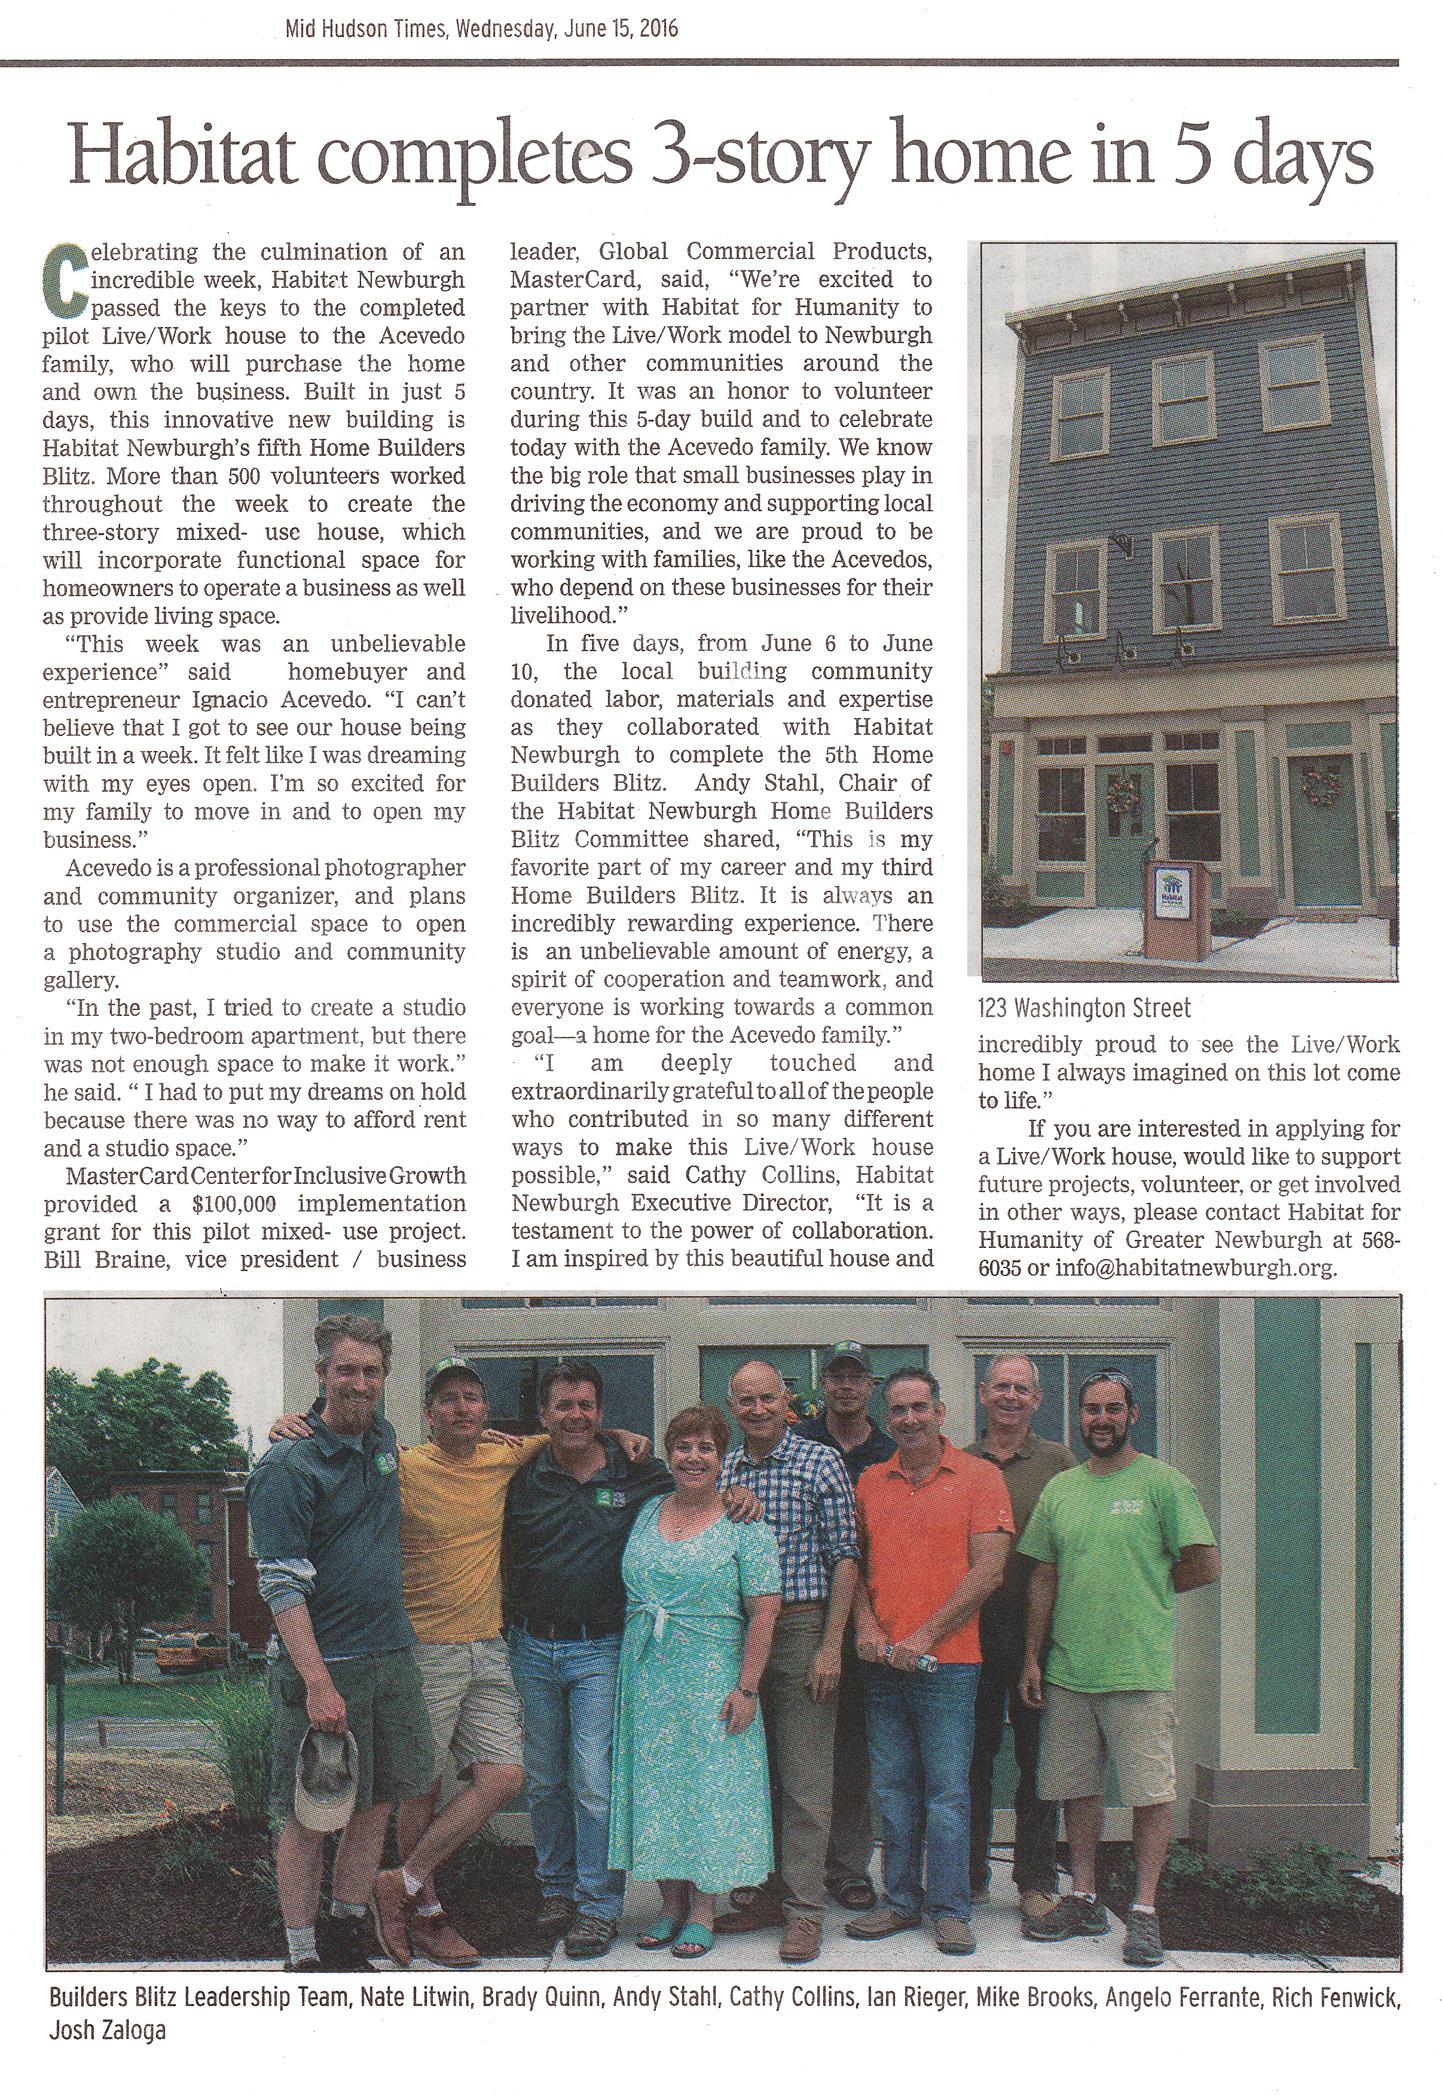 Rieger Homes, Habitat For Humanity, Builders Blitz 2016
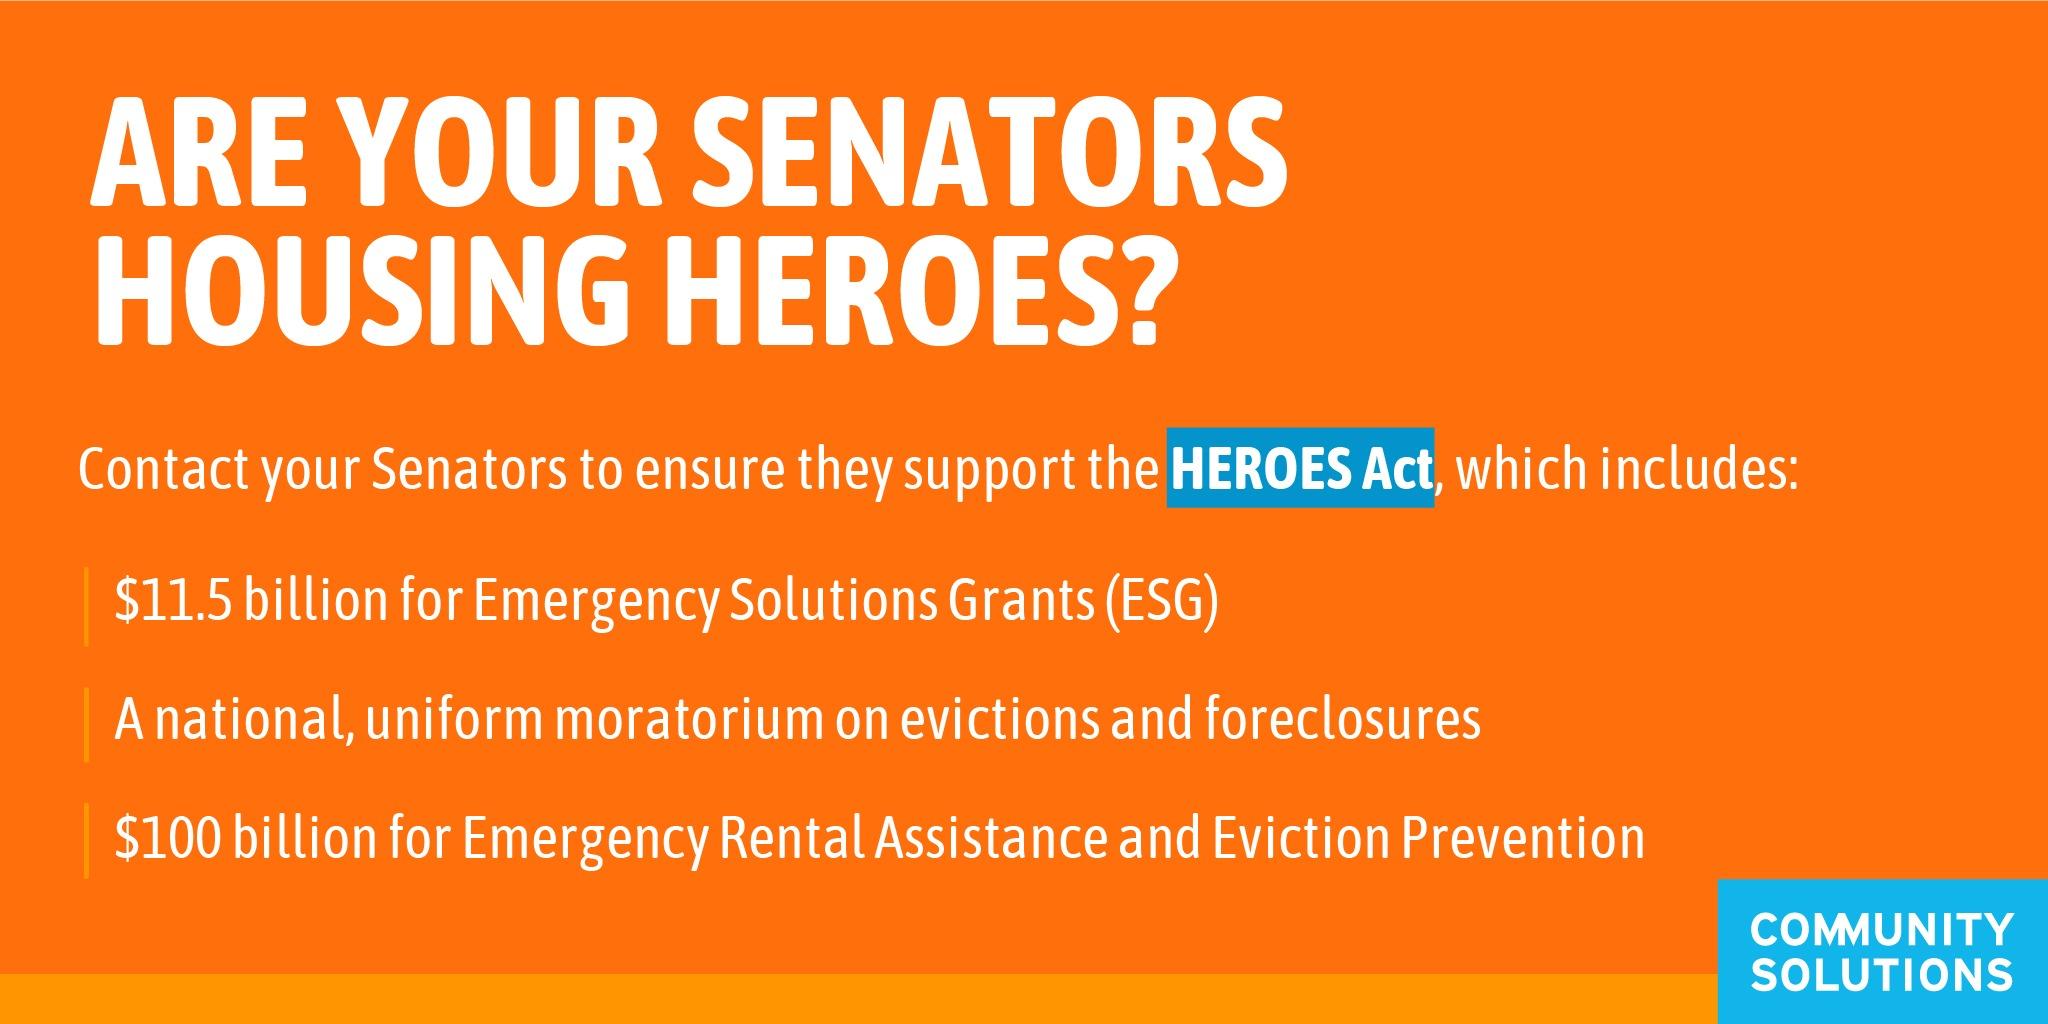 are your Senators Housing HEROES
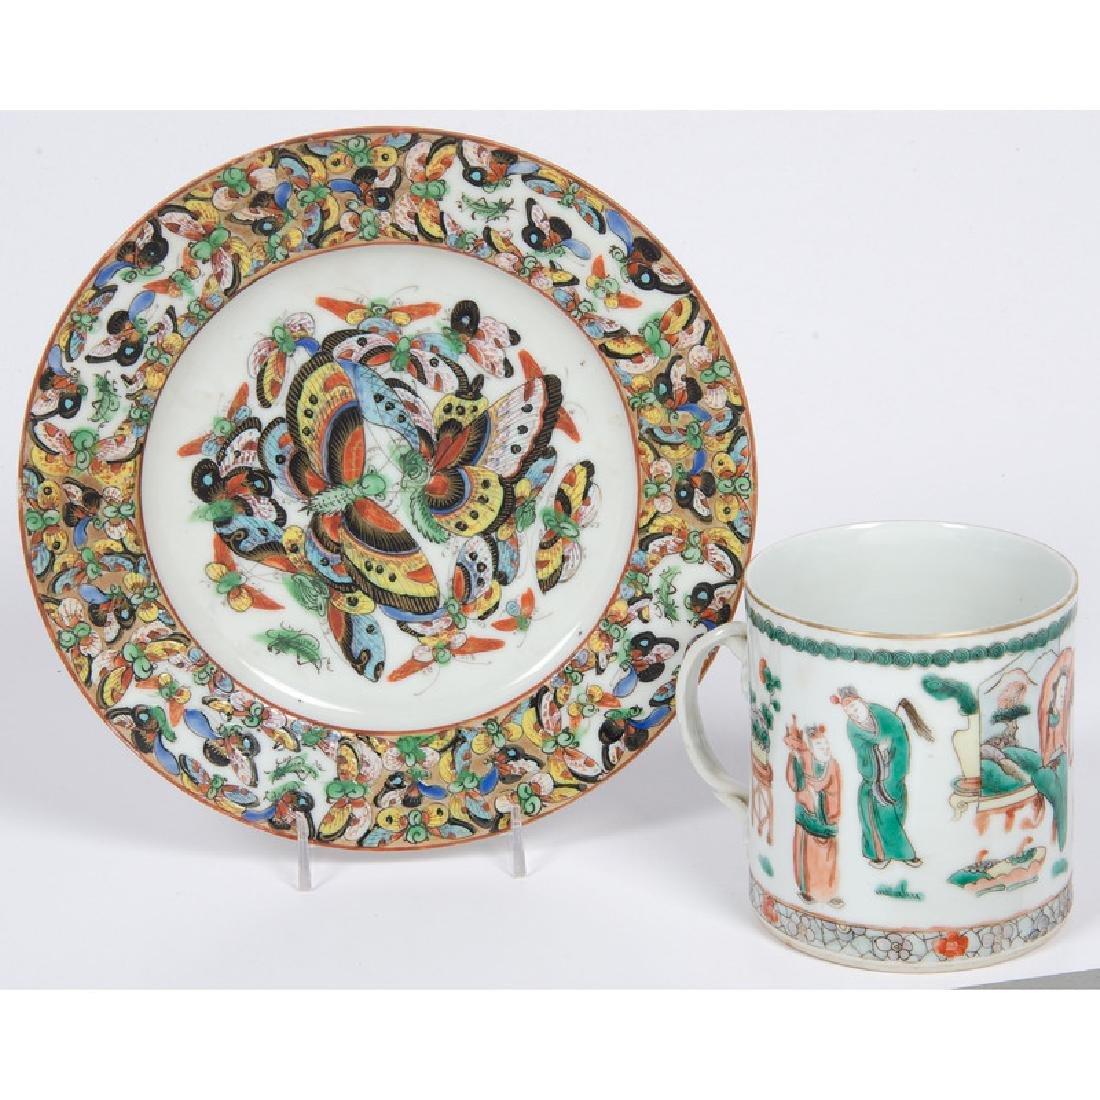 Chinese Export Mug and Plate
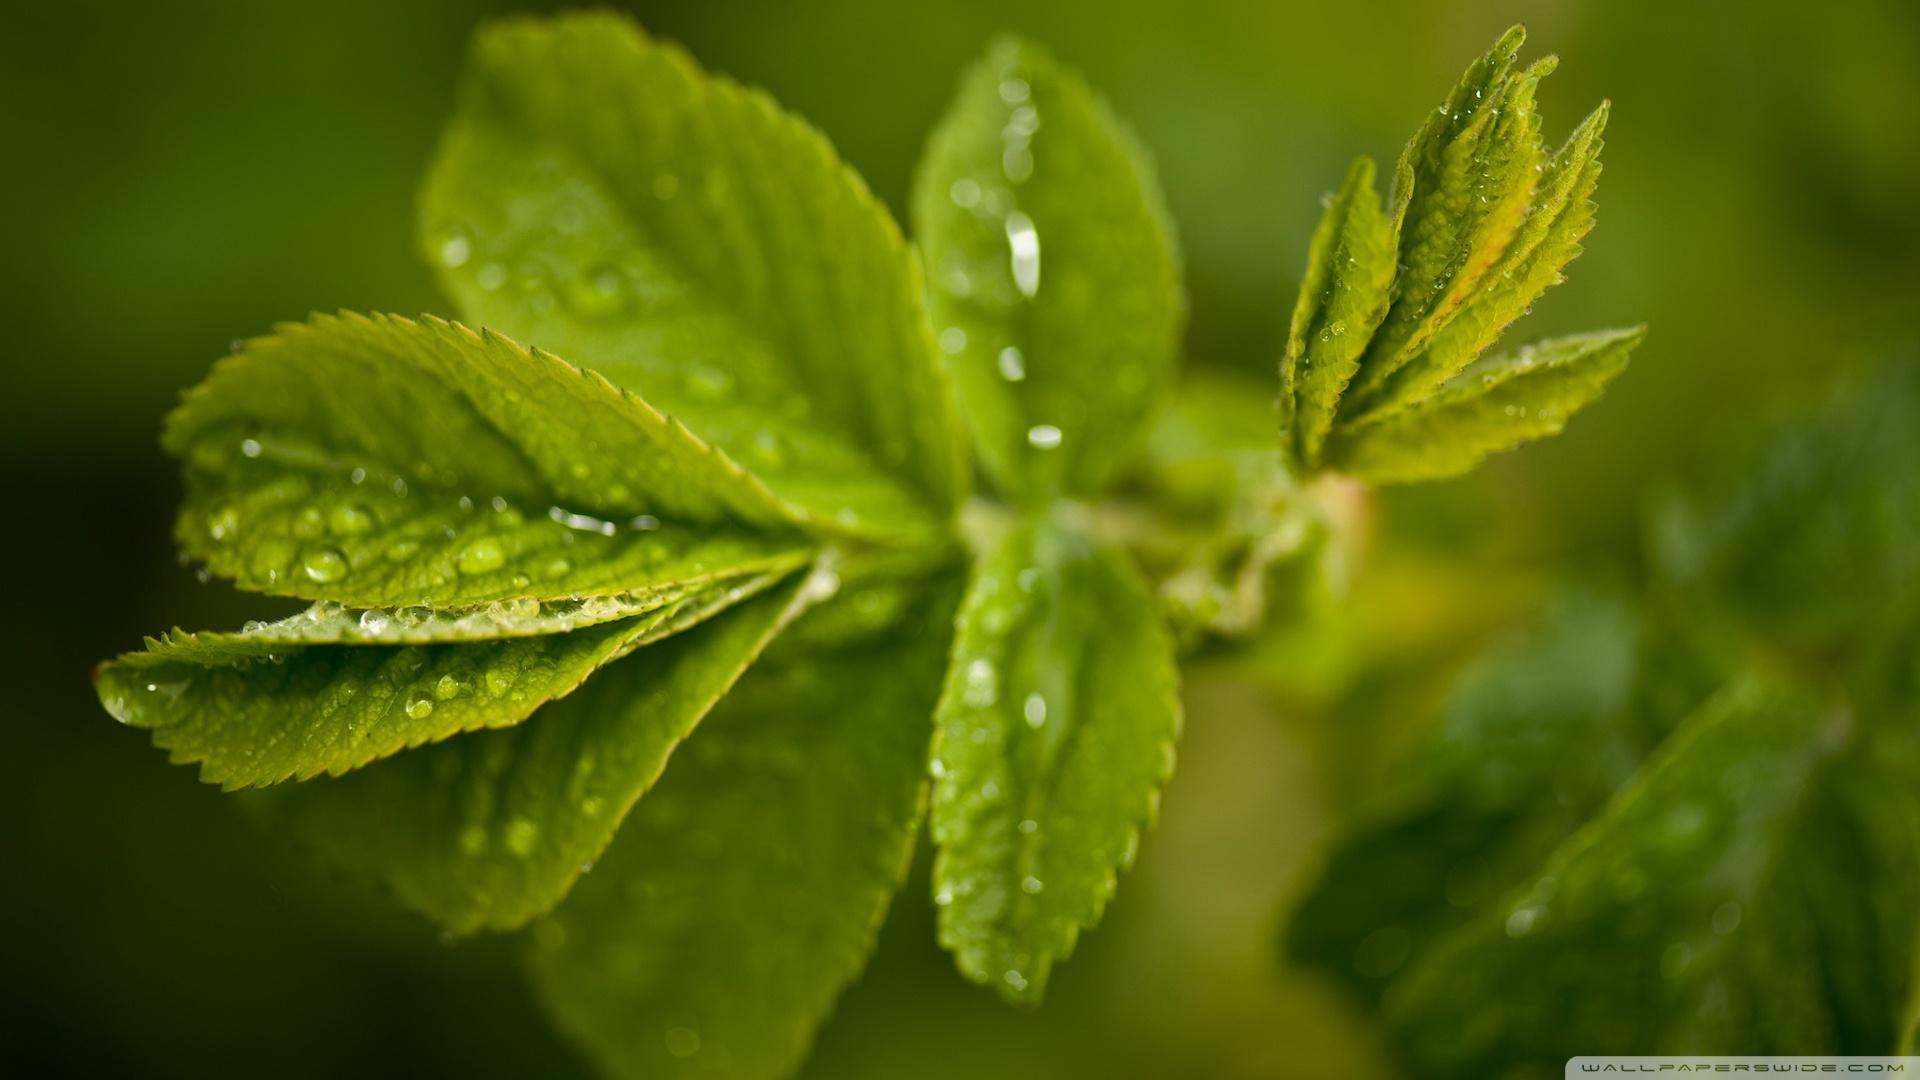 Ganesh 3d Name Wallpaper Fresh Green Leaves And Water Drops 4k Hd Desktop Wallpaper

(What is needed)
All of the material above should be copied exactly, minus the pictures.

(Completed exercise)
 Rieger Homes, Habitat For Humanity, Builders Blitz 2016
 are your Senators Housing HEROES
 Chinese Export Mug and Plate
 Ganesh 3d Name Wallpaper Fresh Green Leaves And Water Drops 4k Hd Desktop Wallpaper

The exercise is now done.